### WHAT YOU NEED TO DO
Retype, word for word, every line of the records below starting at the one that contains "1988 Yamaha Warrior" and ending at the one that contains "Molson Canadian Light 473ml Can"; include both of those lines and nothing more.

### GIVEN ENTRIES
╭──
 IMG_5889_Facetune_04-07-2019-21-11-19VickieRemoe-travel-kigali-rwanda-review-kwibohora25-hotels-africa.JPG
╰──
╭──
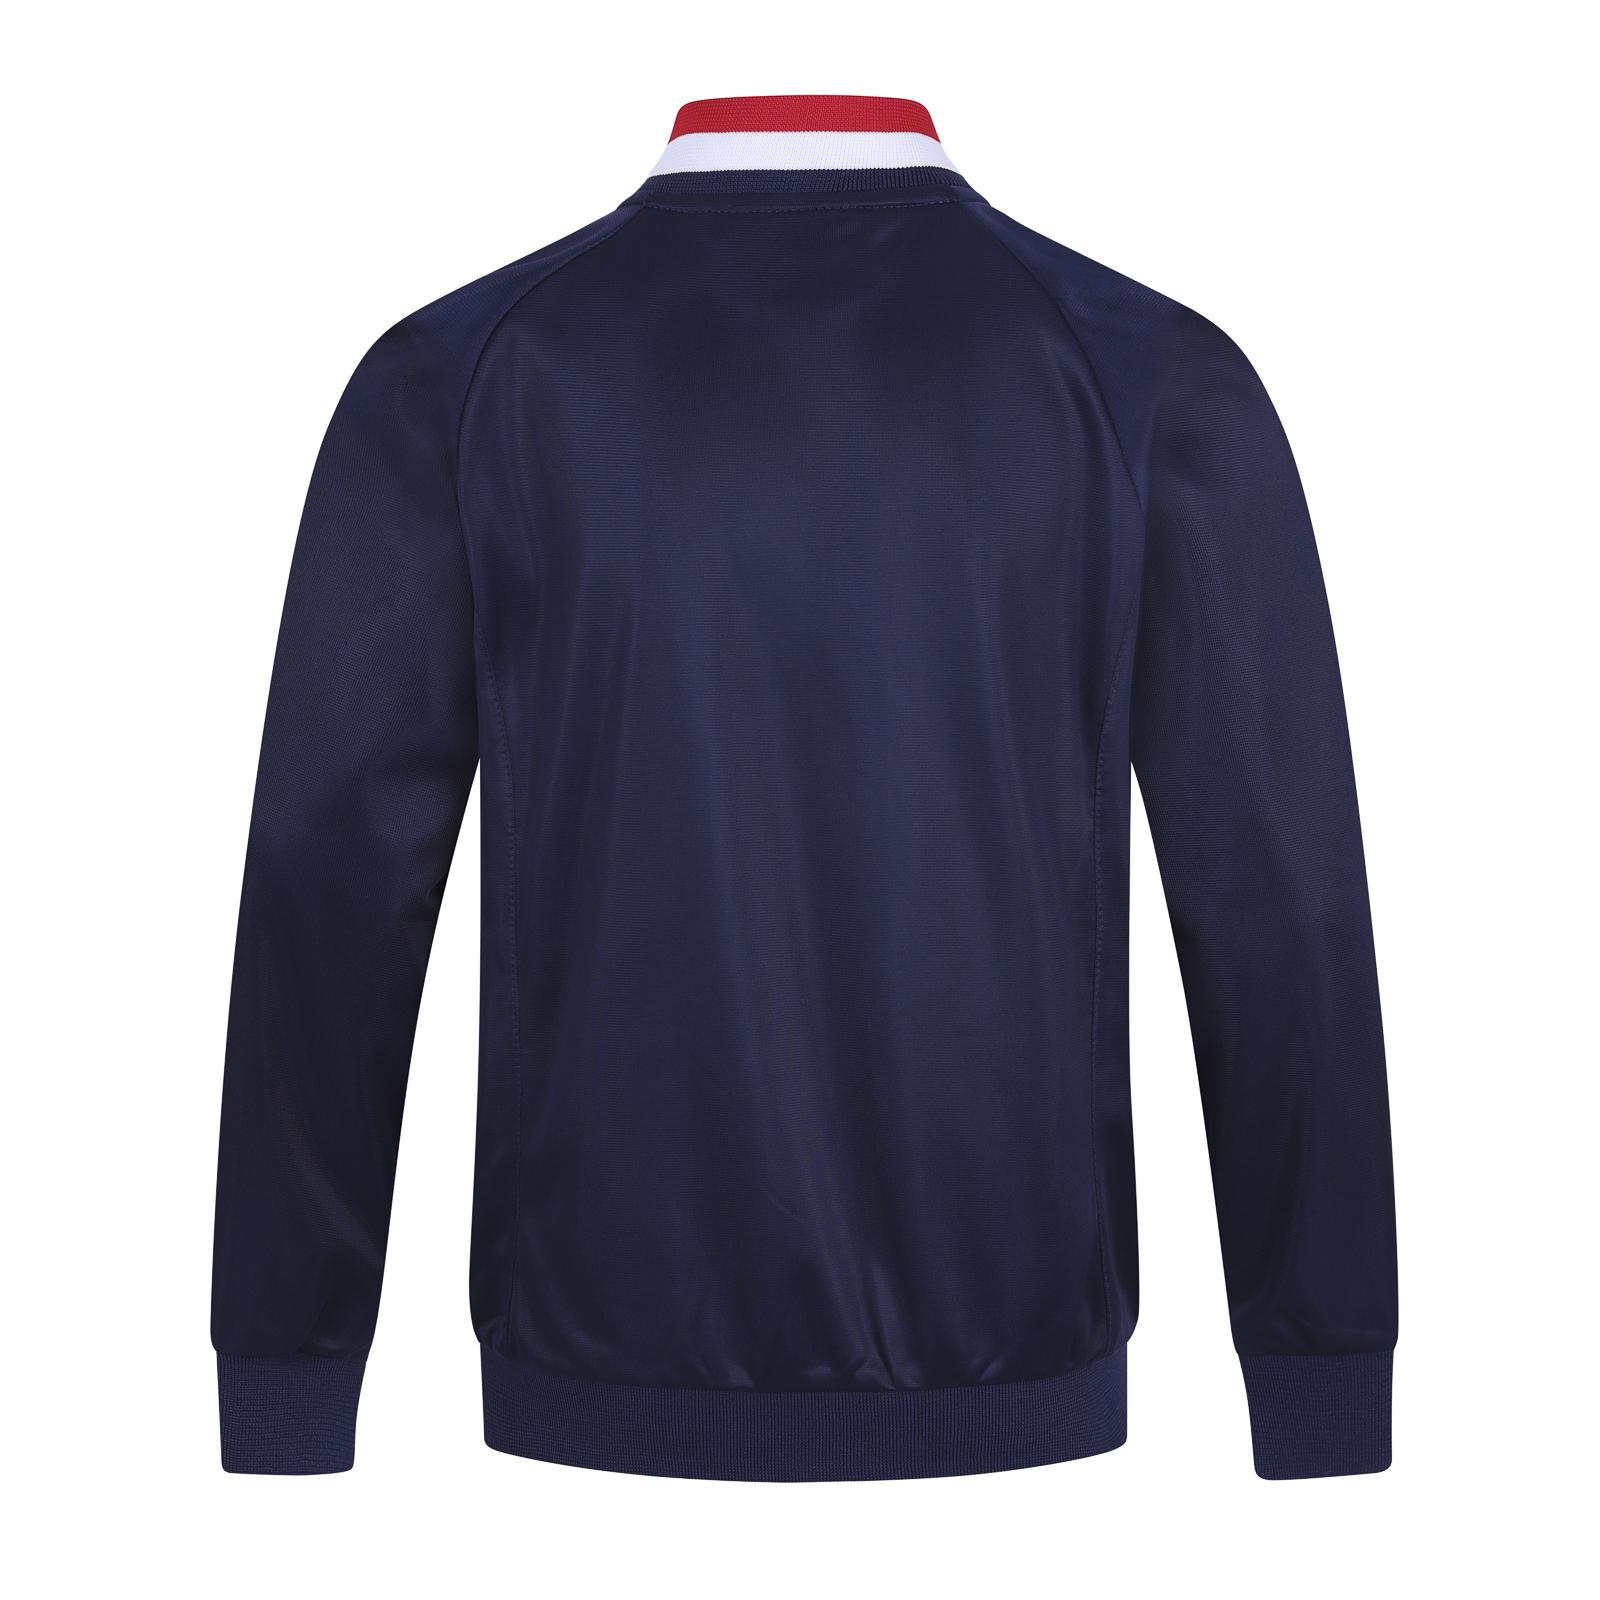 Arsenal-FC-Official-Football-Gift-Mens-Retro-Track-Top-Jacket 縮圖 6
╰──
╭──
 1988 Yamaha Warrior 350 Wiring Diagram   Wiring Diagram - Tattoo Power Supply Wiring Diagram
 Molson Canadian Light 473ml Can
╰──
### EXPECTED OUTPUT
 1988 Yamaha Warrior 350 Wiring Diagram   Wiring Diagram - Tattoo Power Supply Wiring Diagram
 Molson Canadian Light 473ml Can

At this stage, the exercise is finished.